How to Beat Insomnia


By Bailey Shelden

Insomnia is something most adults will experience at some point in their life. Whether it is not being able to fall asleep or waking up multiple times during the night, everyone can agree not being able to sleep properly sucks. Adults need around eight hours of sleep a night. Insomnia can make that rather difficult.

Thankfully, most people will experience short-term insomnia. Short-term or acute insomnia is usually connected to a recent event that has left its mark and left you unable to sleep. This type of insomnia normally lasts a few days or weeks, but eventually goes away. There is also long-term, or chronic, insomnia which can last for months or even years.

With either type of insomnia, there is always the possibility that insomnia is just a side-effect of a different problem. According to the National Sleep Foundation, insomnia can be caused by allergies, body pain, mental health disorders and even asthma. Working to fix the base issue will likely help with insomnia, though sometimes insomnia itself is the primary problem. Luckily, there are many ways to deal with all types of insomnia.

First, examine your life. If you are going through an especially stressful time there is a good chance stress is keeping you awake at night. Working to address the causes of stress may get you back to sleeping. If you have recently changed bedtime routines or just arrived in a new time zone, give your body a few weeks to adjust to the new routine. Bad sleep habits can also be keeping you awake. As much as we all love TV, computers and our phones, they can interfere with our body’s natural sleep cycle if viewed in the hours before sleep. Other bad habits include eating too much before bed, consuming too much caffeine during the day, napping during the day and being in an uncomfortable sleeping environment.

The next place to look is where you are trying to sleep. It is common knowledge that bright lights and loud noises will keep us awake, but there are other environmental factors that cause insomnia. Using your bed for things other than sleeping can warp how your brain views the bed. Using your bed as a place for eating or work can mean your brain thinks it needs to be more awake in case you are going to work or eat. Try and reserve your bed for only bedtime activities.

If your insomnia persists after adjusting bad habits or getting through a stressful time, there are other home remedies worth trying. The old trick of a warm cup of milk before bed actually holds merit. Dr. Jeanne Duffy says the warm glass of milk helps your body fall into a routine so long as you maintain it.
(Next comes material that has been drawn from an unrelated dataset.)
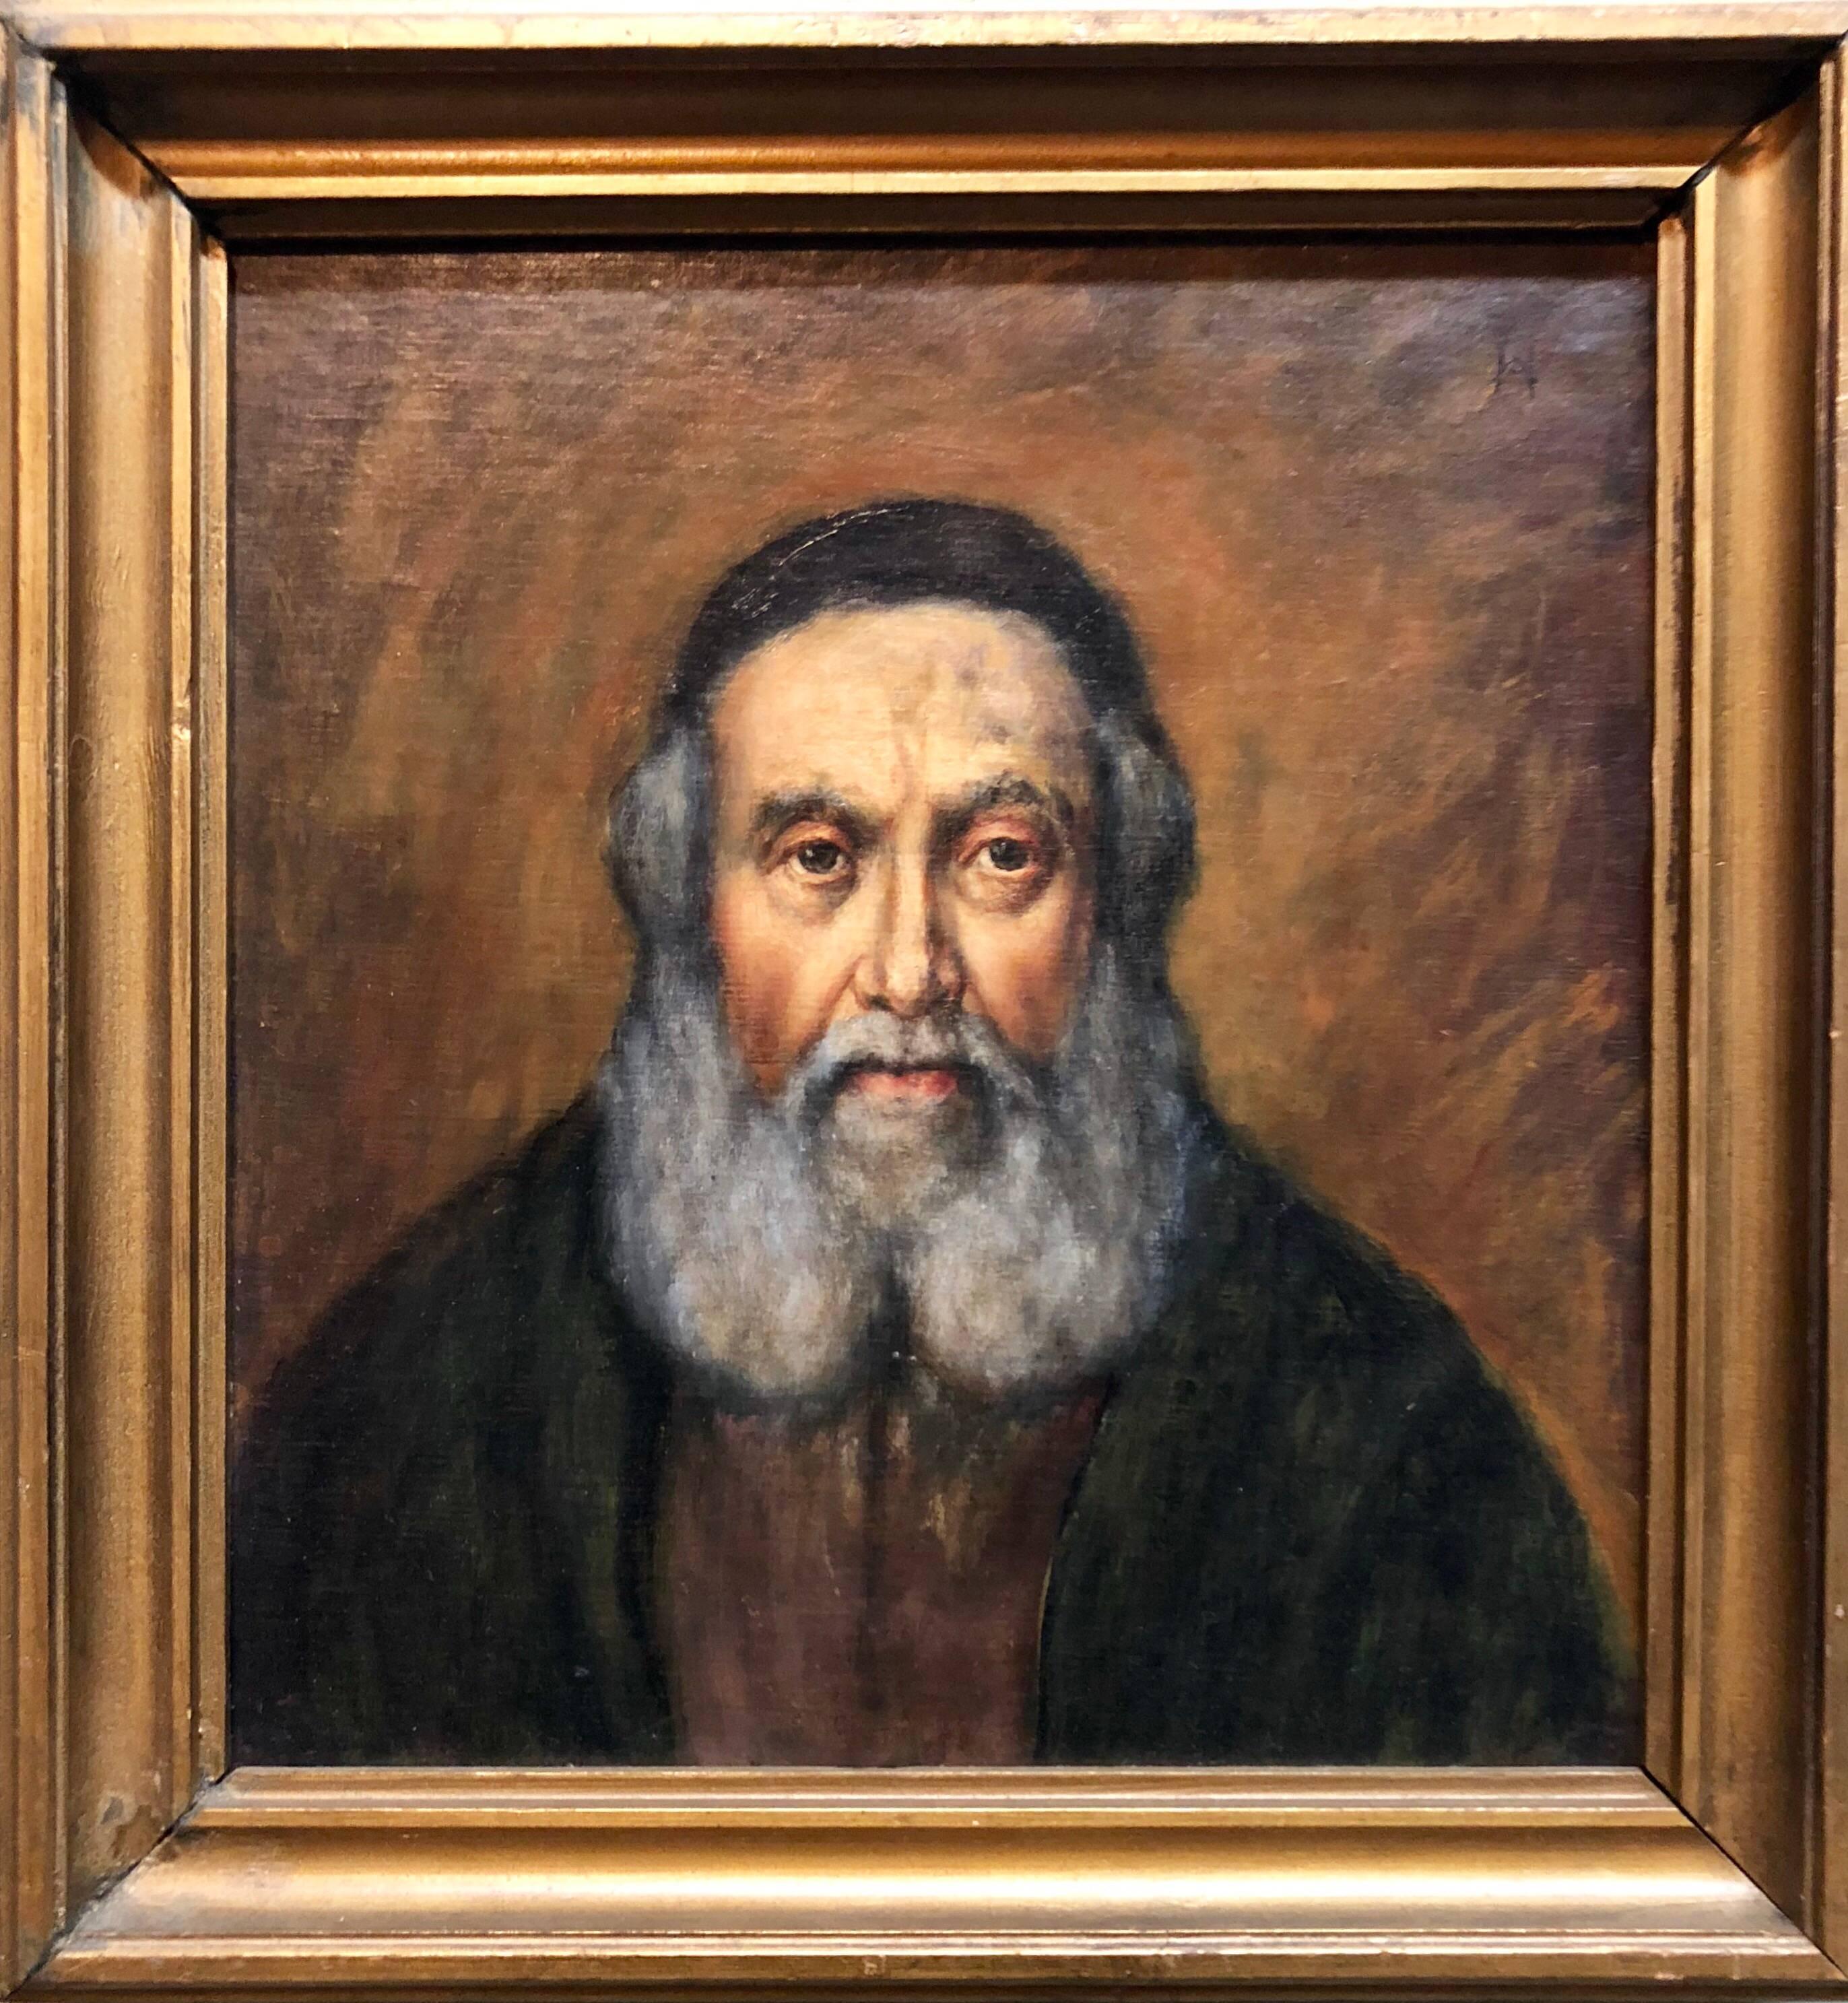 Charles Hannaford Portrait Painting -  Judaica "The Rebbe'" European Hasidic Rabbi Portrait Oil Painting

Duffy also suggests lavender scents to help decrease anxiety and promote relaxation. Try combining a bath with lavender scents for an even more relaxing night.

For insomnia not solved with at-home remedies, talk with a doctor to find the best sleeping solution for you. Chronic insomnia can be very difficult to manage alone, so seeking a professional opinion is encouraged. Sleep is far too important to put off fixing. The Mayo Clinic states that problems sleeping can impact your performance professionally, leave you with slower reaction times and can even put you at risk for mental health issues.

So no matter the cause, insomnia can greatly affect your life if left untreated. Find a routine that helps you fall asleep and stick with it. If you find you are still plagued by sleepless nights, find a doctor so you can enjoy your Zs again.